医療機器などの総合商社であるアズワンでは、「適正在庫AIモデル」を開発。毎日1週間分の受注を予測する短期モデルと、毎月1カ月分の受注を予測する長期モデルを構築している。短期モデルでは、予測と実績の差異が金額ベースで9.3%となっており「精度は十分高い」と評価。長期モデルでも差異は11.5%と、十分実用に耐えうる精度と判断している。現時点では、商品カバー率が10%程度であるため、優先順位をつけながらモデル化する範囲を拡大していくという。
樹脂加工のレニアスは「需要予測、工程平準化」に取り組んでいる。工程並び替えプログラムが完成したほか、各工程のプログラムが一部完了。全体の平準化プログラムが8割完成したという。また、需要予測を自動的に行うプログラムも開発中だという。2021年10月までにこれらを完了させる予定だ。すでに、工程表の作成業務において年間500~700時間の削減効果が期待できることなどがわかっている。
貨物運送業のユーネットランスでは、「最適運行ダイヤ作成システム」を開発。サブツールの本導入に向けての準備と、最適化評価スキームを完成させ、これに関する特許出願を最優先に取り組むほか、機械学習などの導入検討を進めているという。サブツールでは、荷量データをもとに、最適なパレタイズイメージと車載イメージを出力。投入車両の減便ができることが確認できている。この成果は、CO2排出量の削減にもつながるとしている。
各社の中間報告を受けて、NAIST 博士研究員の平尾俊貴氏は、「短いようで長かった9カ月間の濃い成果を聞くことができた。今回の報告会では『どれぐらいビジネスインパクトが示せるのか』という定量的な視点を重視した。売上げ拡大、コスト削減、生産性向上といった成果のほか、特許出願により長期的な準備に取り組んだ企業もあった。最終報告会で期待しているのは、定量的なビジネスインパクトを社内で実感していくための準備と、組織横断的なDXの成果を認識することである。そして、このプロジェクトで進めたことをさらに発展させ、終わりなき道に進んでもらいたい。このプロジェクトの取り組みは、競合他社にはない圧倒的なアドバンテージになるだろう」と総括した。
今年度も募集開始、新たにAR/VRやエッジコンピューティングも対象に
なおデル・テクノロジーズとNAISTでは、今年度も中堅企業DXアクセラレーションプログラムの募集を開始したことを発表している。2021年10月8日まで特設サイトで募集を行い、11月11日に本選を実施。同プログラムによる支援企業を決定する。
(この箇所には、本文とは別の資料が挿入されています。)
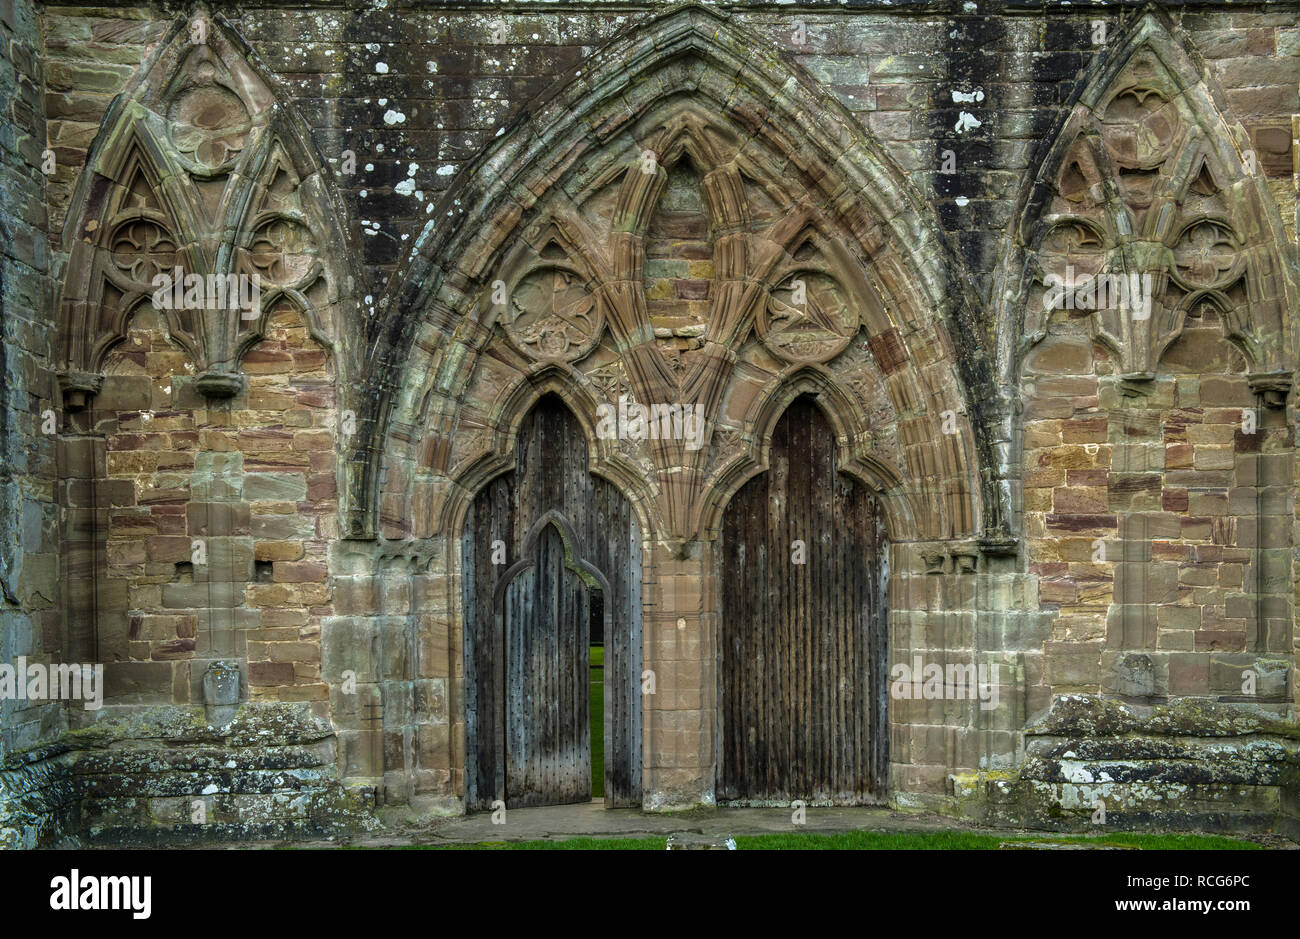 The east end of Tintern Abbey Wye Valley, up close. Beautifully carved sandstone arches. Stock Photo

対象は従業員1000名以下の中堅中小企業で、プロジェクト開始から1年程度で実装が可能なビジネスプランを前提とする。今回からは、AIに加えて新たに5Gを活用したVR/AR、エッジコンピューティングといった技術要素を活用するプランも対象とする。
「ARデバイスは、すでに製品修理の効率改善やECにおける商品の実寸大表示などで活用されている。またエッジコンピューティングは、設備異常検知ソリューションや、撮影画像をOCR解析し、在庫管理に活用されている。今年度も、日本の中堅中小企業のデジタル変革をしっかりと後押ししていきたい」(デル・テクノロジーズ 広域営業統括本部 デジタルセールス&広域営業本部長の木村佳博氏)
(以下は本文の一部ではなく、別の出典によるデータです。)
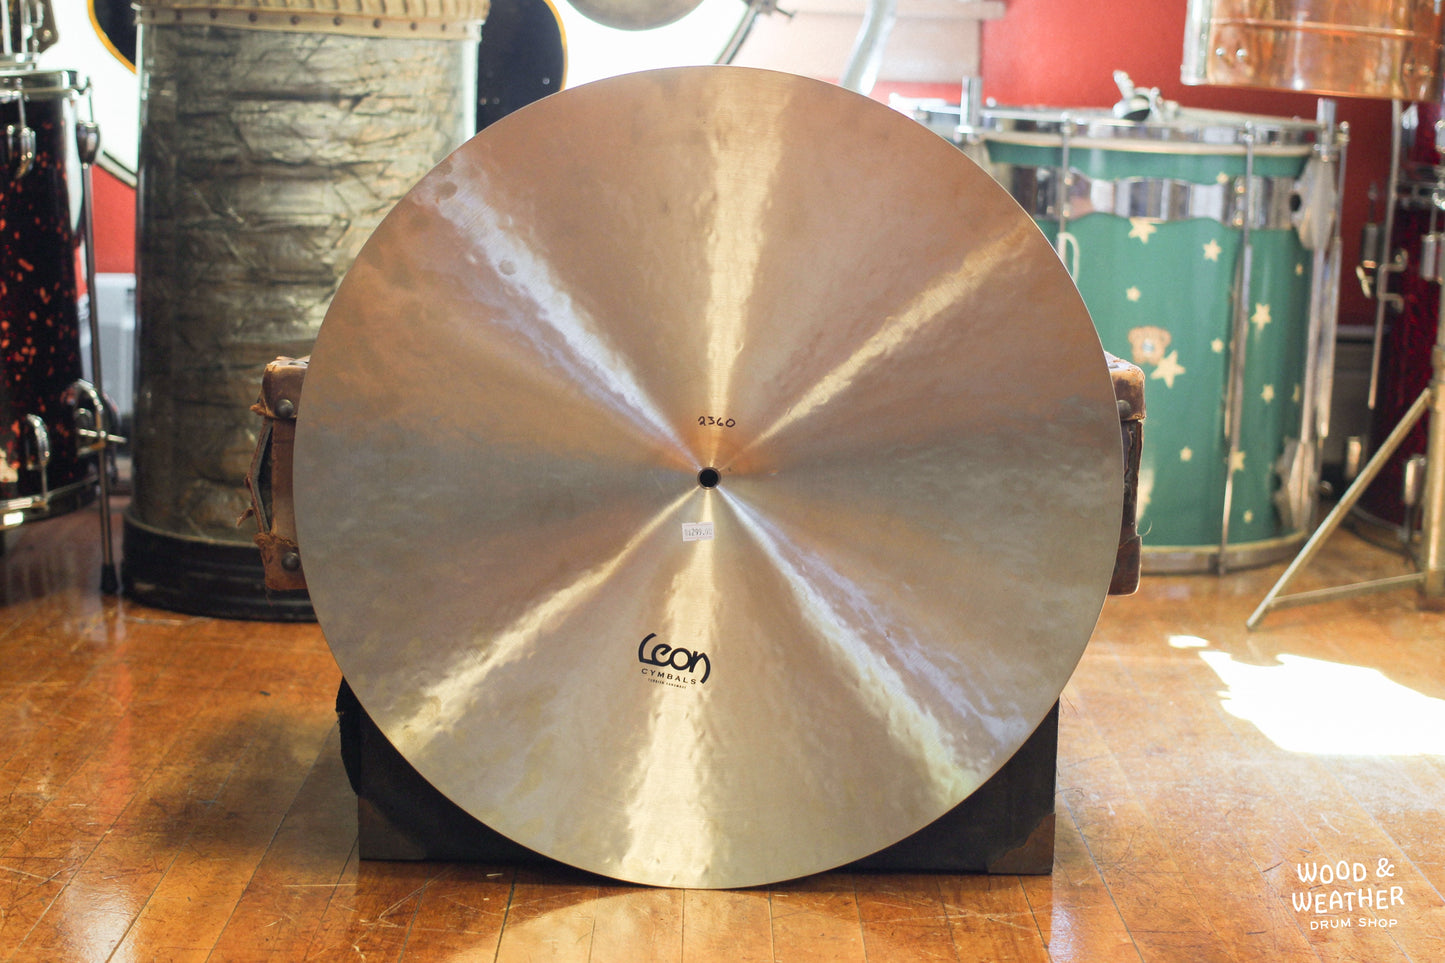 Leon Cymbals 22" Flat Bell Lathed Ride Cymbal 2360g

上位入賞した企業に対しては、1年間にわたってNAISTのメンターによるDXプロジェクトの実装および定着化の支援、ミライコミュニケーションネットワークからののクラウドサーバーの1年間の無償提供、デル・テクノロジーズによるサーバーシードプログラムが提供される。
さらにデル・テクノロジーズでは、中堅中小企業においてAIや5G、VR/AR、エッジコンピューティングといった新たなテクノロジーに対する理解を深めてもらうための技術勉強会「DX Tech Play」を、9月9日から順次開催する予定も発表している。「新たなテクノロジーをどんなユースケースで、どんな局面で社内に取り入れることができるのかといったことを知る機会にしてほしい」(木村氏)と述べた。
また、8月26日には、中堅企業のIT責任者やCIOなどの役割を担っている管理者などを対象にした「中堅企業異業種交流会2021夏オンライン」を開催。テレワークを活用したコミュニケーションやテレワークマネジメントなどのテーマで、セッションや情報交流会を行うという。